Directions for this task
Copy task for the material below: print the line with "Wire countertop display rack" and every line after it to the end, exactly as written, without the pictures.

The data
......

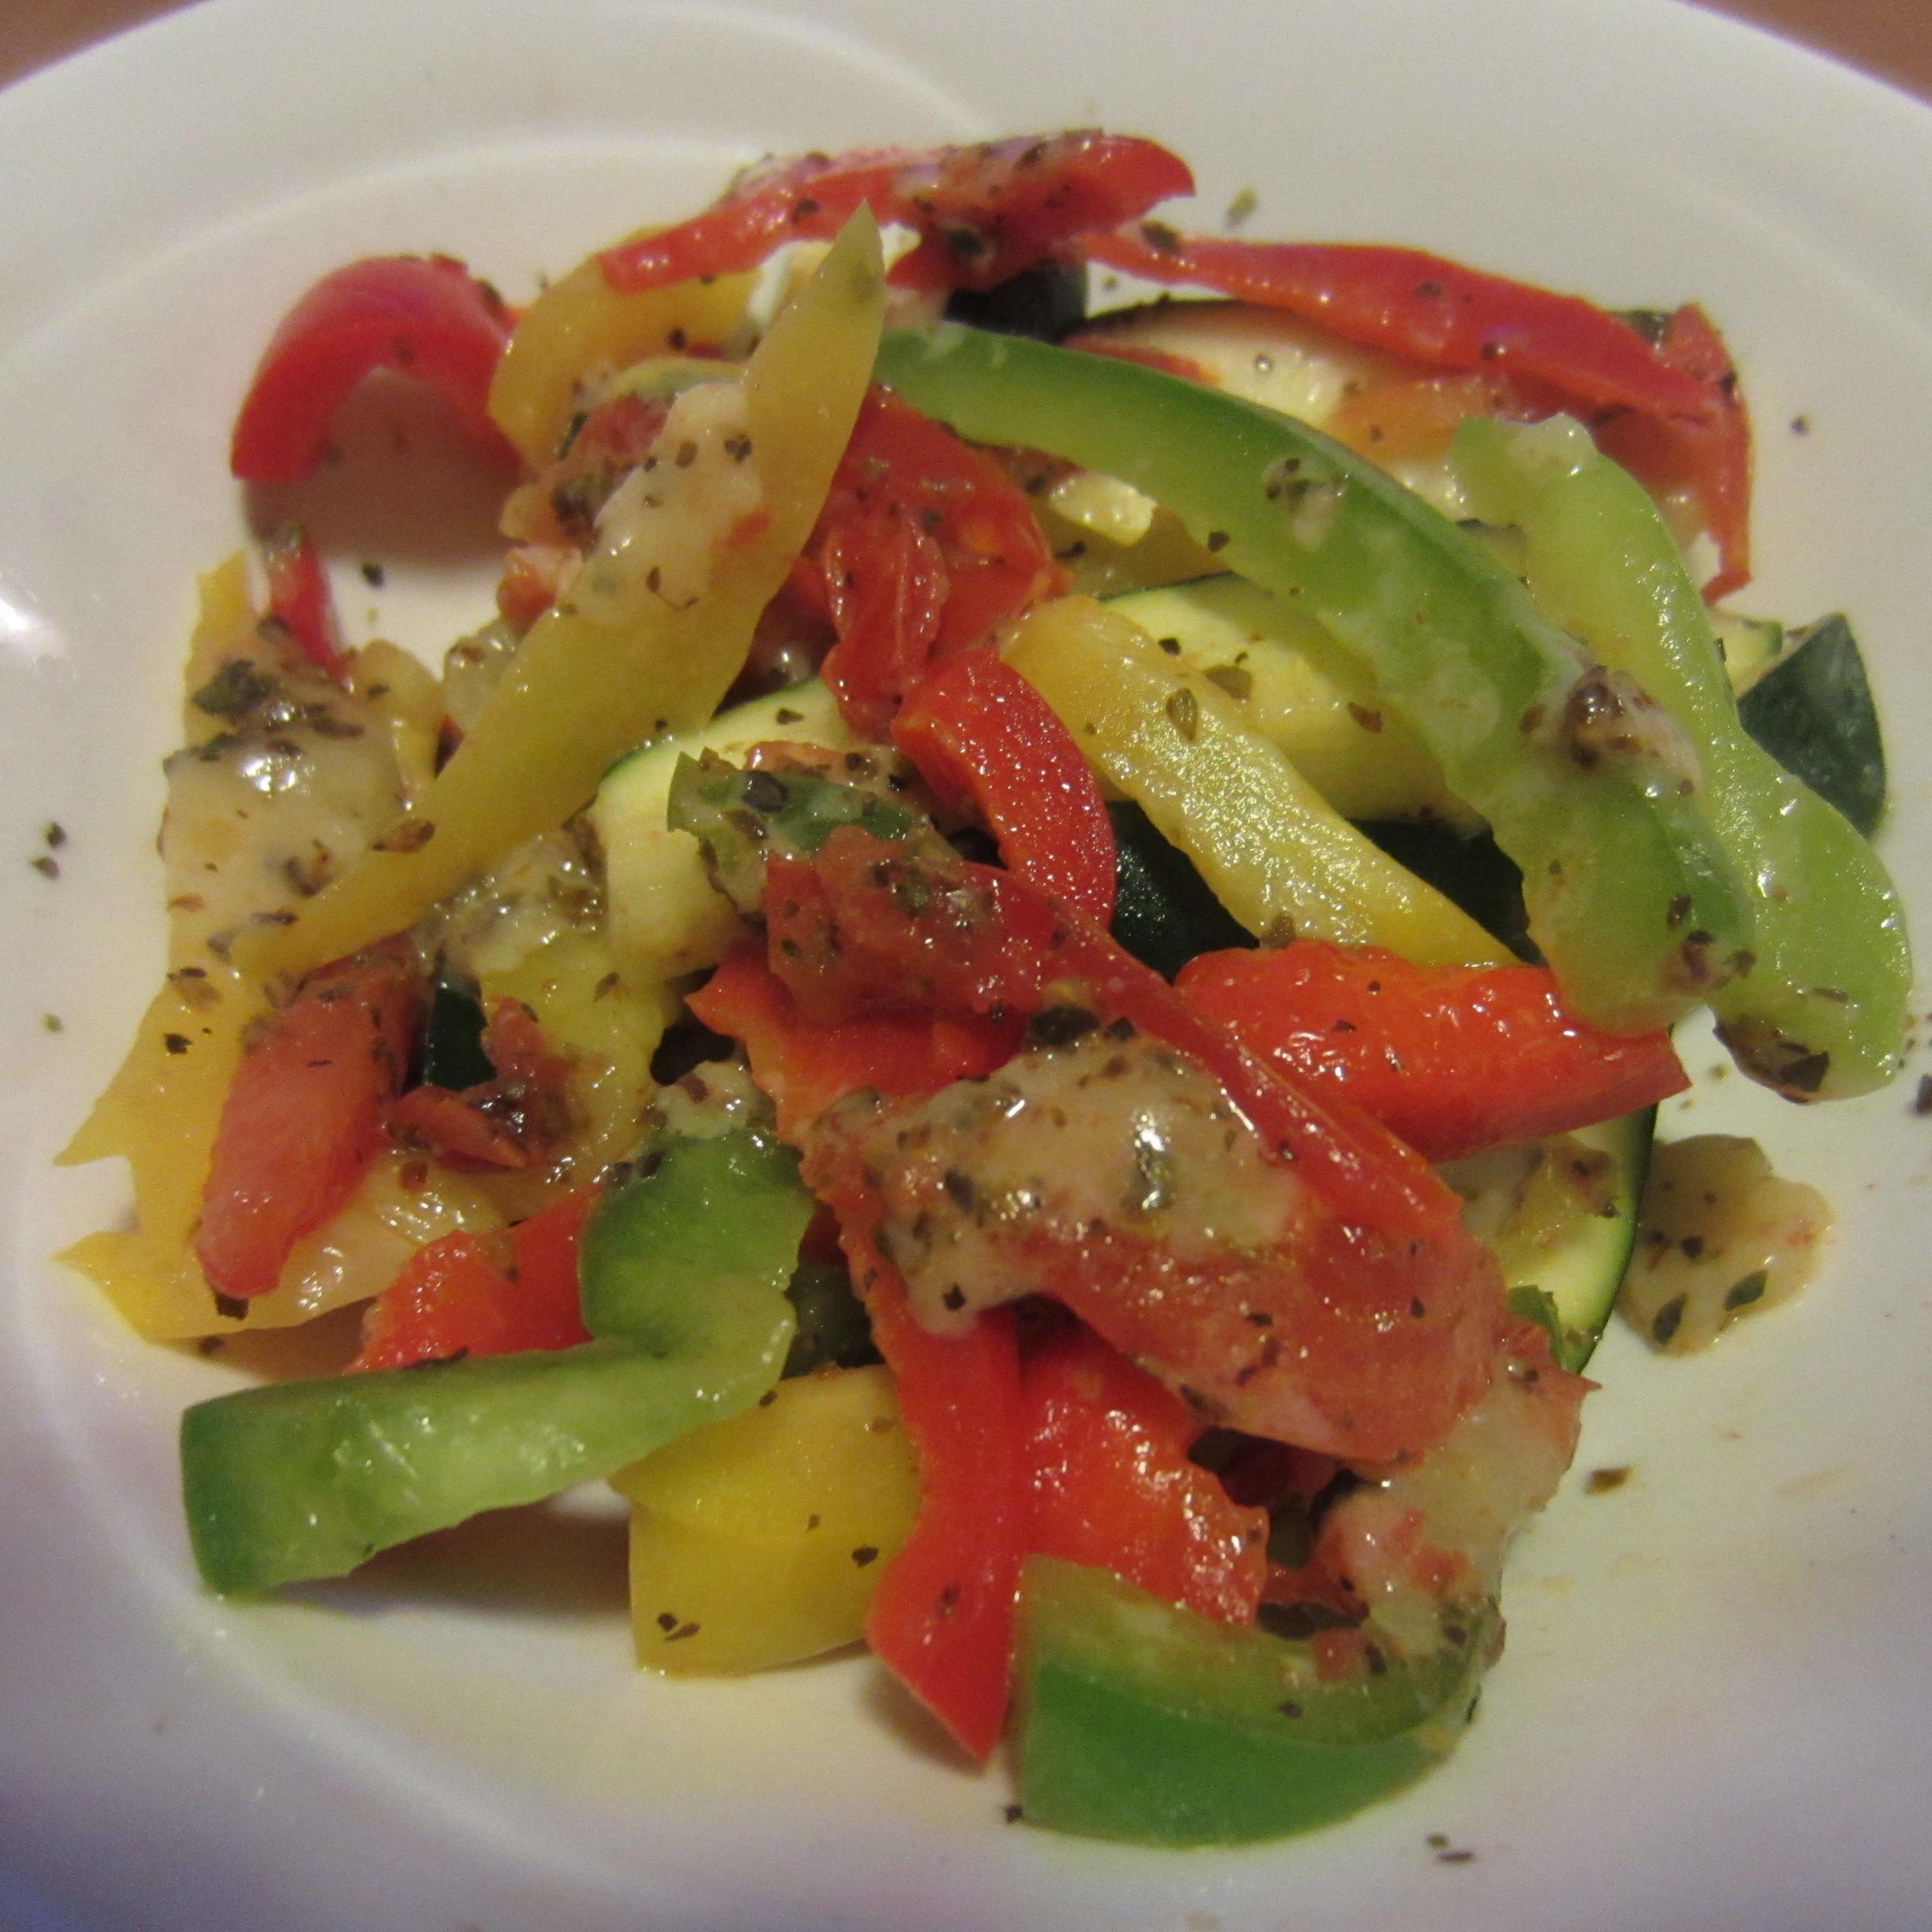 Zucchini & Pepper salad with Cheddar
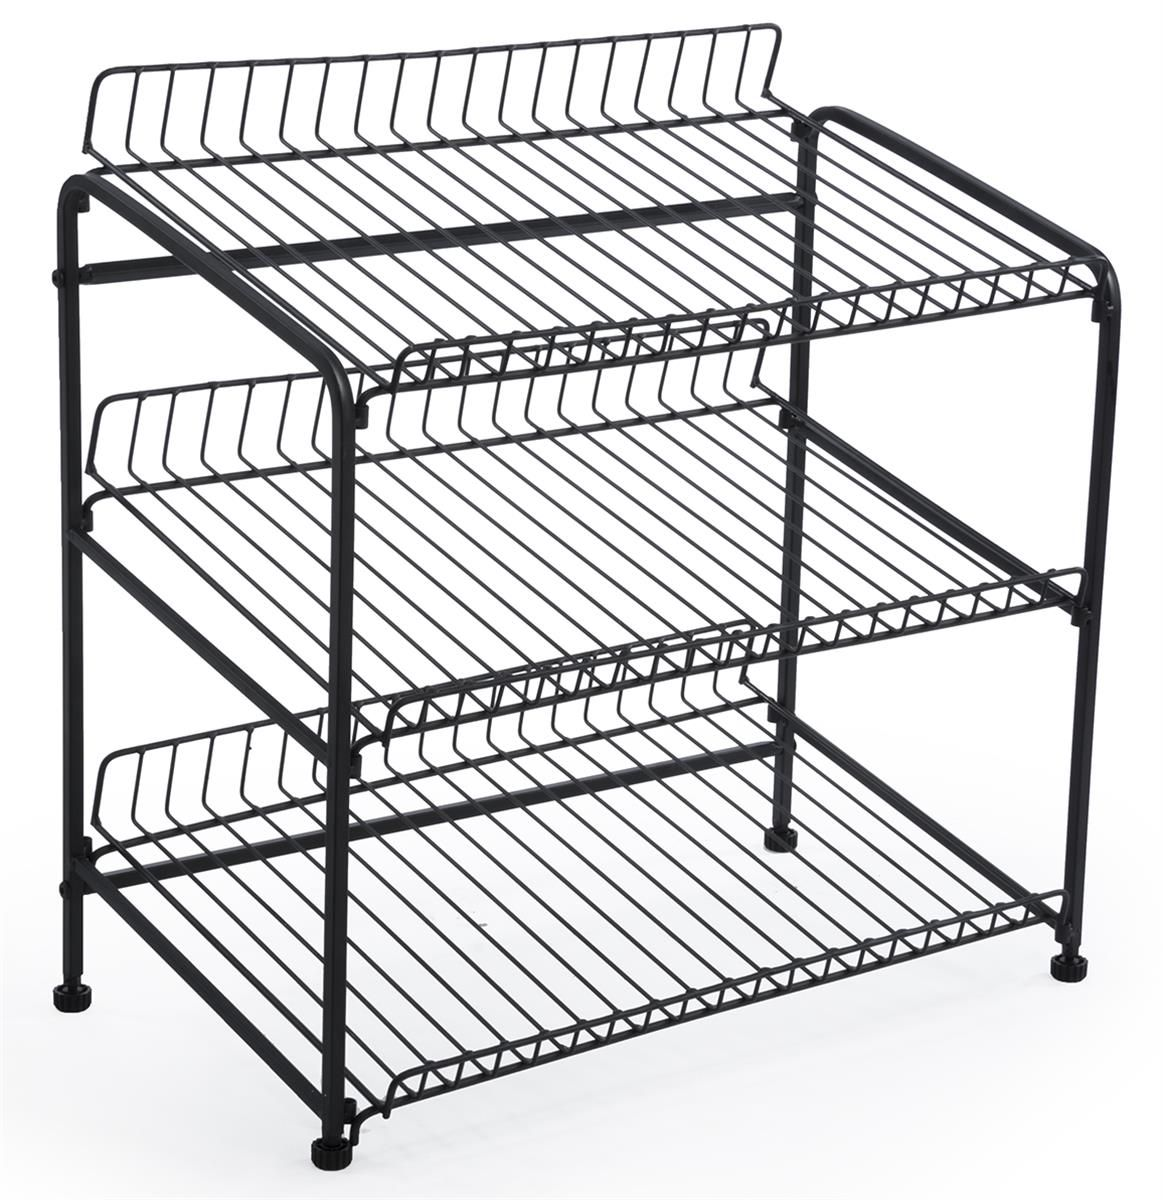 Wire countertop display rack
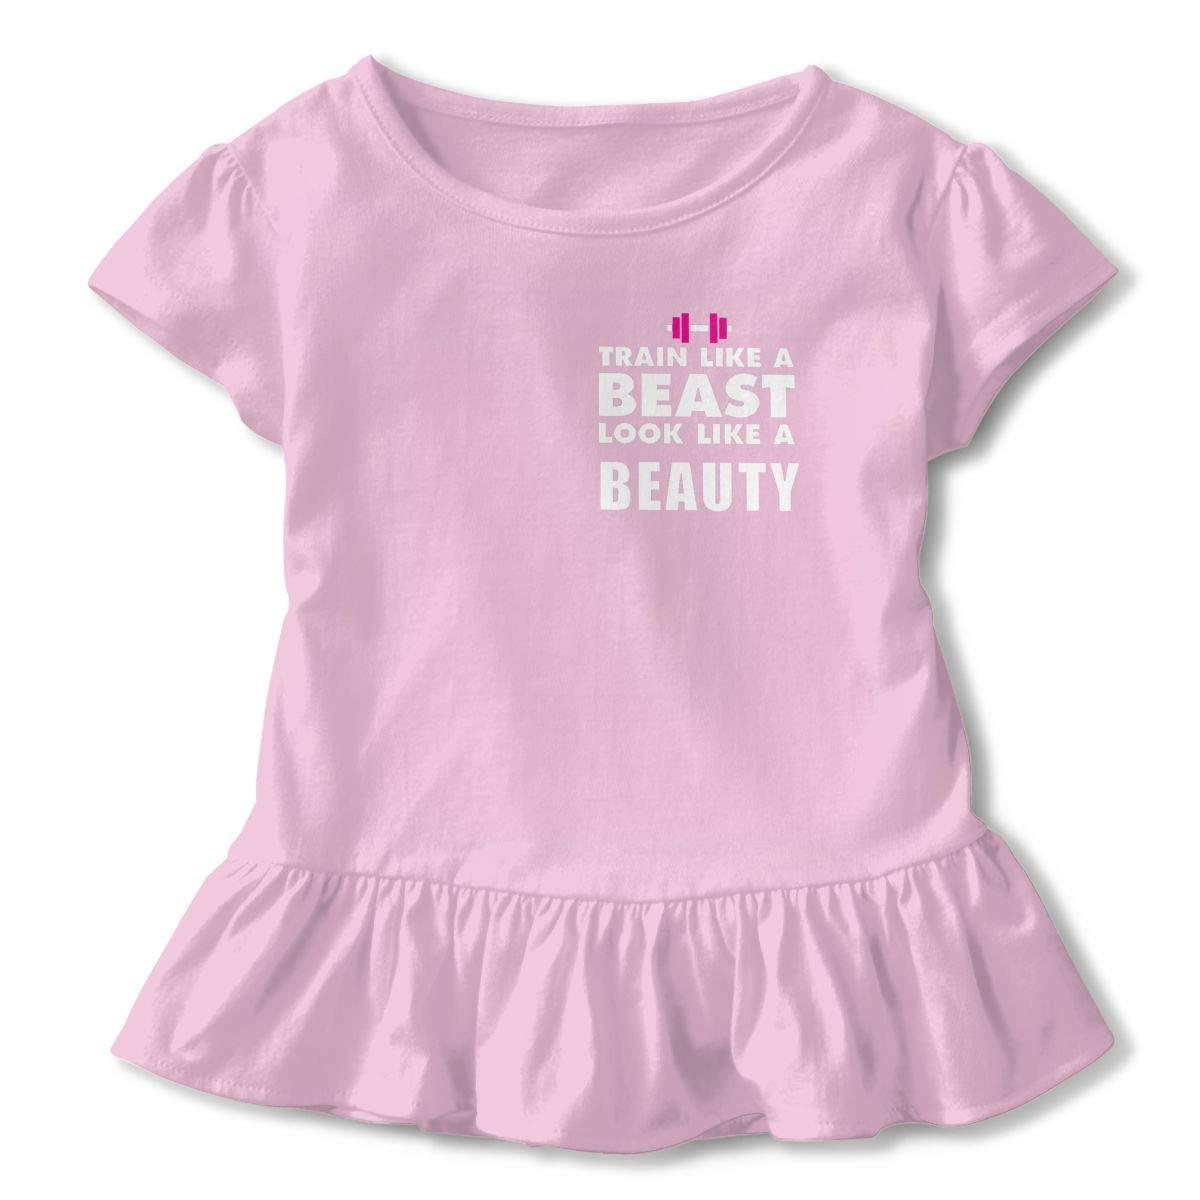 QUZtww Train Like A Beast Look Like A Beauty Cute Toddler Kids Girls Short Sleeves Shirts Ruffles for Daily Wear Party School

......

Answer to the exercise
 Wire countertop display rack
 QUZtww Train Like A Beast Look Like A Beauty Cute Toddler Kids Girls Short Sleeves Shirts Ruffles for Daily Wear Party School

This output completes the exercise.